Ceph supported IO rate limiting for RBD images starting from version 13.2.0 (Mimic). This version only supported rate limiting for total IOPS scenario and supported bursts, allowing configuration of burst rate but not controlling burst duration (effectively equivalent to setting burst duration to 1 second and unmodifiable). Version 14.2.0 (Nautilus) added support for rate limiting in 5 additional scenarios: read IOPS, write IOPS, total BPS, read BPS, and write BPS, while maintaining the same burst support effects.

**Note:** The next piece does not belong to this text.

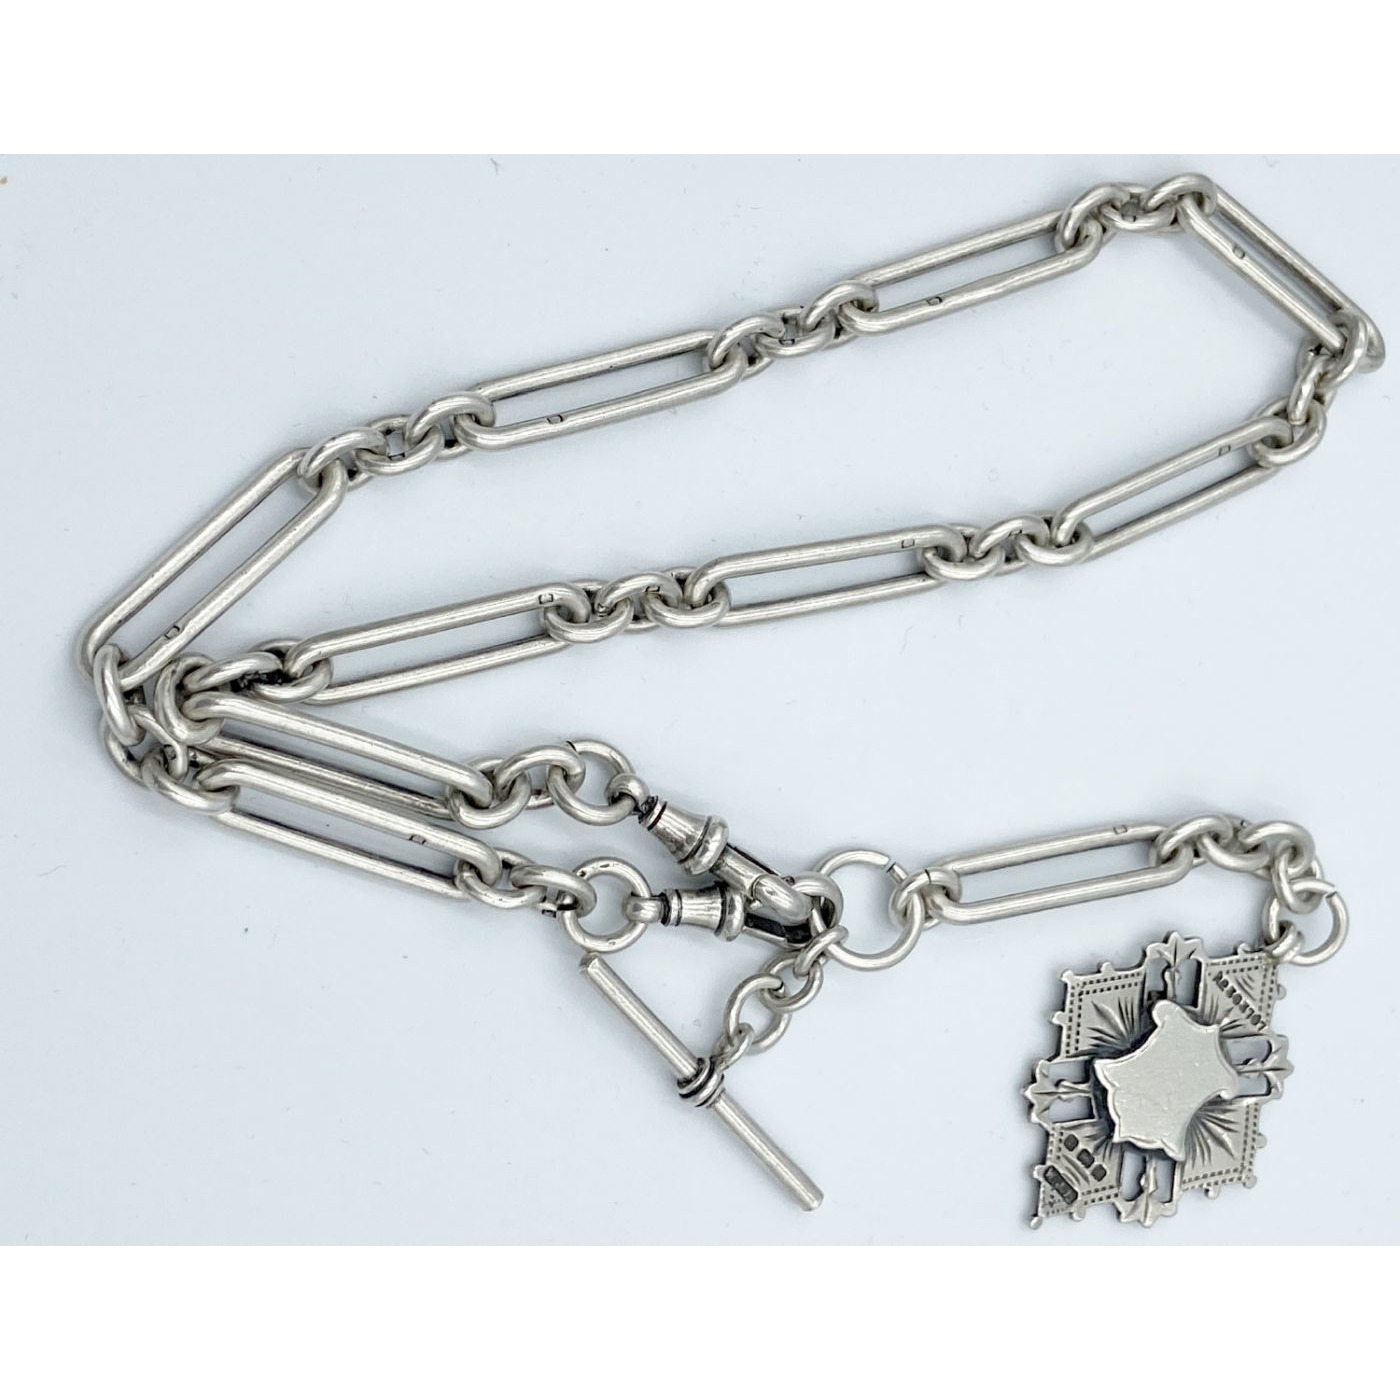 Tremendous 18" Victorian English Silver Watch Chain Trombone Link

Librbd’s rate limiting mechanism supports bursts and allows configuration of burst rates, but does not support controlling burst duration. It is implemented using a token bucket. The token bucket refill rate can be adjusted using the rbd_qos_schedule_tick_min parameter, defaulting to 50ms. Users can configure the base rate and burst rate through the following parameters:

Scenario	Basic Rate Limit Config	Burst Rate Config
Total IOPS	rbd_qos_iops_limit	rbd_qos_iops_burst
Read IOPS	rbd_qos_iops_read_limit	rbd_qos_iops_read_burst
Write IOPS	rbd_qos_iops_write_limit	rbd_qos_iops_write_burst
Total BPS	rbd_qos_bps_limit	rbd_qos_bps_burst
Read BPS	rbd_qos_bps_read_limit	rbd_qos_bps_read_burst
Write BPS	rbd_qos_bps_write_limit	rbd_qos_bps_write_burst

spdk

SPDK’s QoS rate limiting is implemented at the bdev layer and uses a token bucket. It supports separate configuration for IOPS and BW but does not support burst rates. Configuration is done via the RPC request bdev_set_qos_limit. The configuration parameters are as follows:

Parameter	Explanation
rw_ios_per_sec	IOPS limit
rw_mbytes_per_sec	Read/Write bandwidth limit
r_mbytes_per_sec	Read bandwidth limit
w_mbytes_per_sec	Write bandwidth limit

SPDK refills the token bucket by registering a poller function bdev_channel_poll_qos, with a frequency hardcoded as SPDK_BDEV_QOS_TIMESLICE_IN_USEC, defaulting to 1ms. The amount of tokens added per refill is Total rate / Timeslice.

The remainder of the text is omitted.